With his recent documentary “”The Game of Death,”” French director Christophe Nick has effectively added game show host to the long list of authority figures capable of robbing citizens of their intellectual and moral willpower. The documentary, inspired by the Milgram experiments of the 1960s, not only proved that people can be cruel and mindless, but that we are doggedly determined to forget how stupid we are.
Mere decades after the Nazi epoch, Dr. Stanley Milgram set out to quantify the human penchant for obedience.
Under the pretenses of a “”learning experiment”” Dr. Milgram found that he was capable of convincing 65 percent of subjects to deliver increasing levels of apparently injurious electrical shock to another subject — a professional actor — who protested in pain.

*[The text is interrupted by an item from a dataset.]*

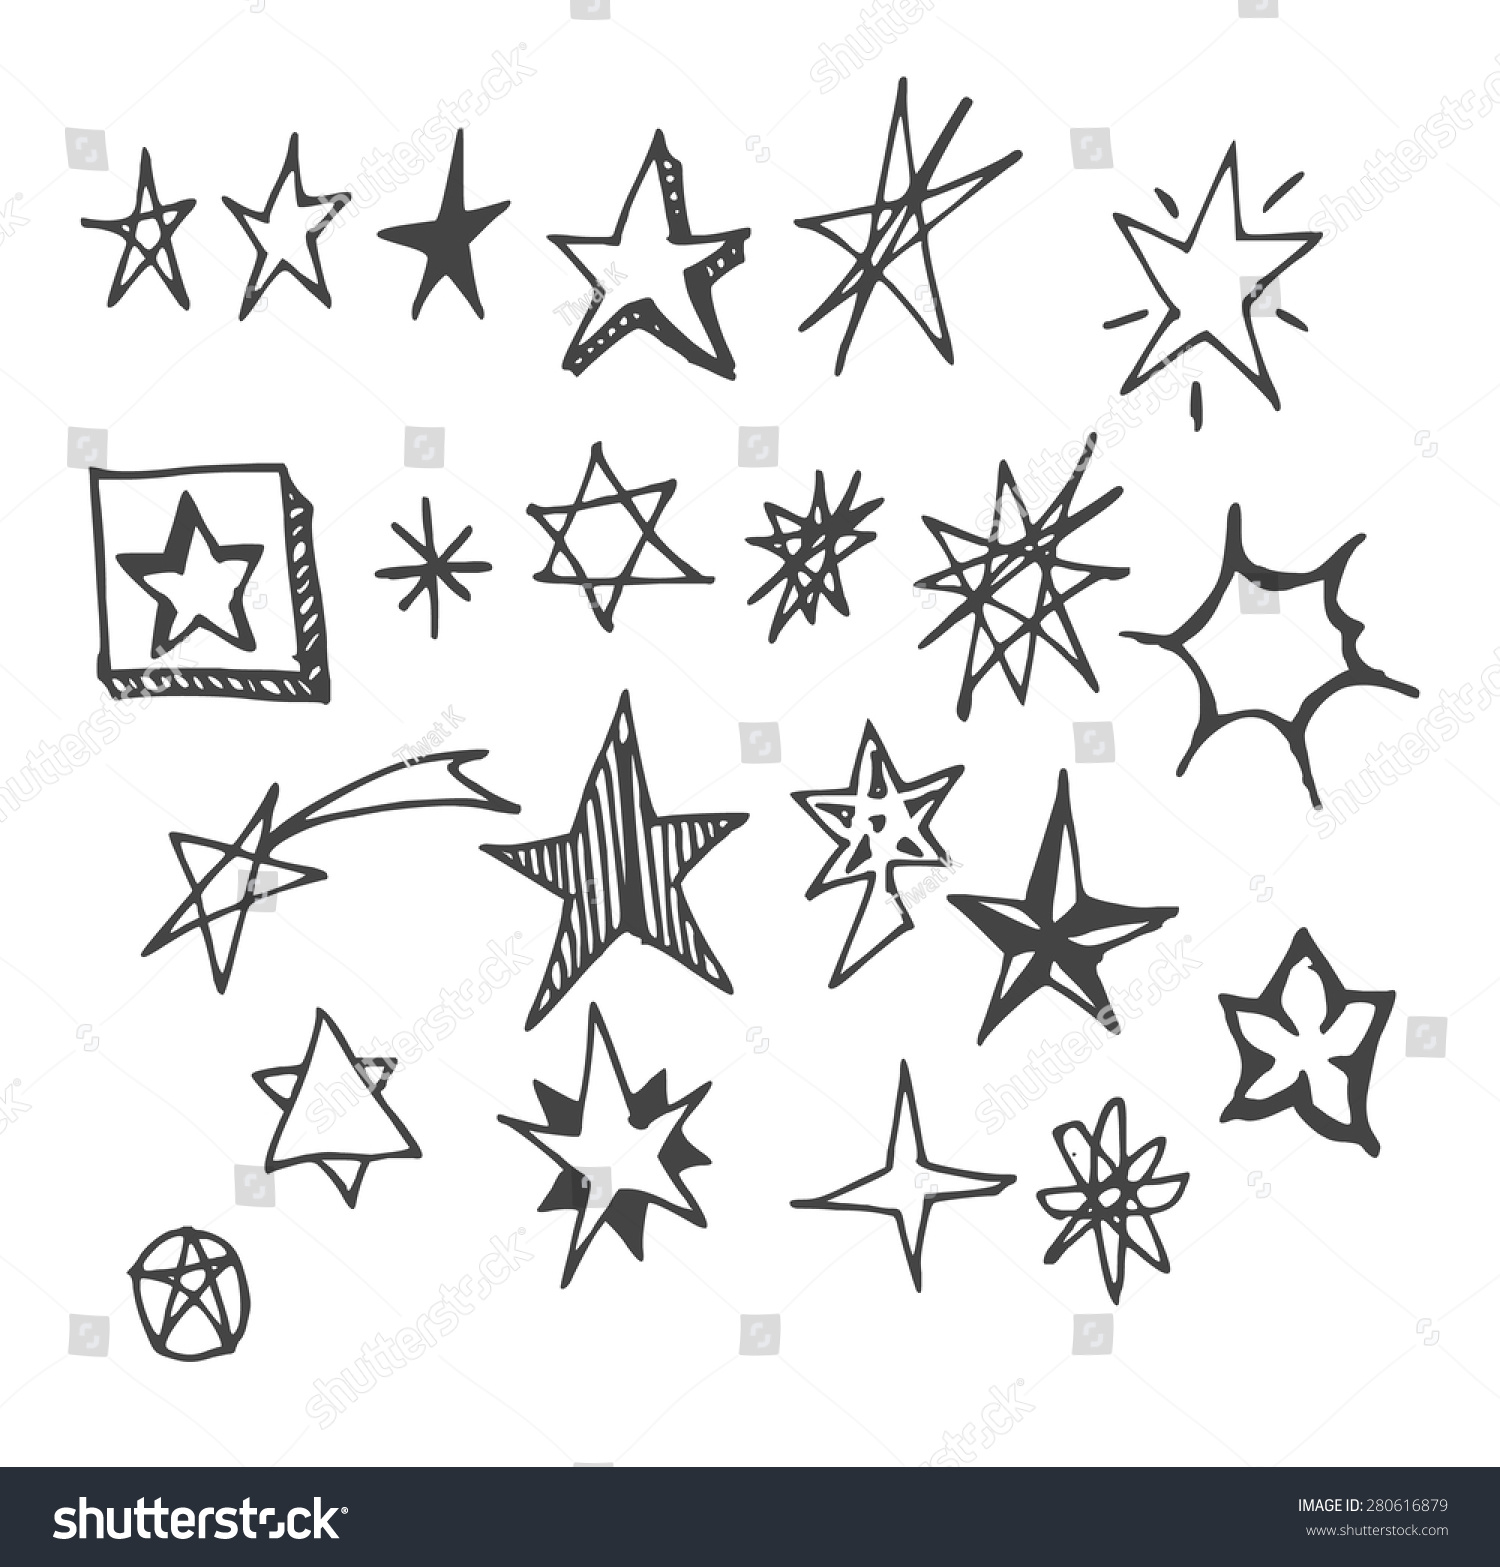 Star Doodles Hand Drawn Vector Illustration Stock Vector 280616879 ...

Add a glamorous host, an audience and a television camera and 65 percent suddenly becomes 80 percent, according to a BBC story “”Row over ‘torture’ on French TV”” on March 18. Contestants on the fake game show were clearly troubled, as they were said to “”smile or laugh nervously”” as they punished other contestants — also actors — with blasts of electricity each time they missed a memorization question. Yet only 16 of the 80 participants withdrew before the final shock, which appeared to kill or incapacitate the contestant in the electric chair.
The participants were reportedly traumatized by the experience. One tearful woman wondered how she would explain to her family what had happened. They received professional psychotherapy afterward, and almost no one refused to appear in the documentary.
Nick told Le Parisien that he intended to show that the power of TV was more than just theoretical. Certainly, he succeeded. But when, if ever, is obedience a good thing?
According to the New York Times article “”Moral Lessons, Down Aisle 9,”” published on March 22, different forms of obedience may make the world go ’round. The article cites a study published this month in Science Magazine that compares smaller, less technologically developed communities of hunters and gatherers to larger communities with high levels of “”market integration”” as indicated by the amount of food they purchase.
Using a game called “”Dictator”” in which two anonymous strangers are awarded a sum of money and it is up to only one of them to share the prize, they found that shoppers in a Minnesota grocery store would share almost half of the money — the most of any group. However, they were also much more likely to exercise their ability to “”punish”” the “”Dictator”” for being selfish, even at their own expense.
The researchers propose that the driving force behind the varied responses is a “”desire not to violate standards of expected behavior.”” They believe that our penchant for accepting social norms and adhering to them readily may allow for the highly cooperative environment needed to sustain complex, industrialized, food-sharing societies. The quickness of shoppers to punish selfishness reflects our need to enforce these standards.
In essence, we have been programmed to operate in accordance with the group, even if it means ignoring our own pure self-interest. Clearly, the danger arises when the situation changes quickly and we calibrate our behavior quickly, before processing the information according to our own morality.
Indeed, in the Winter 1988 edition of Issues in Ethics, psychologist Steven Sherman showed that if people considered issues of morality weeks before being confronted with one of the same issues, the vast majority refused to act against their conscience, even if pressured by an authority figure.
Unfortunately, judging by the documentary, at least 64 people in France had neglected to ponder ethical dilemmas lately. While it’s an unpleasant task to keep the world’s greatest cruelties in mind, it may be the only way to prevent them from happening again and again and again.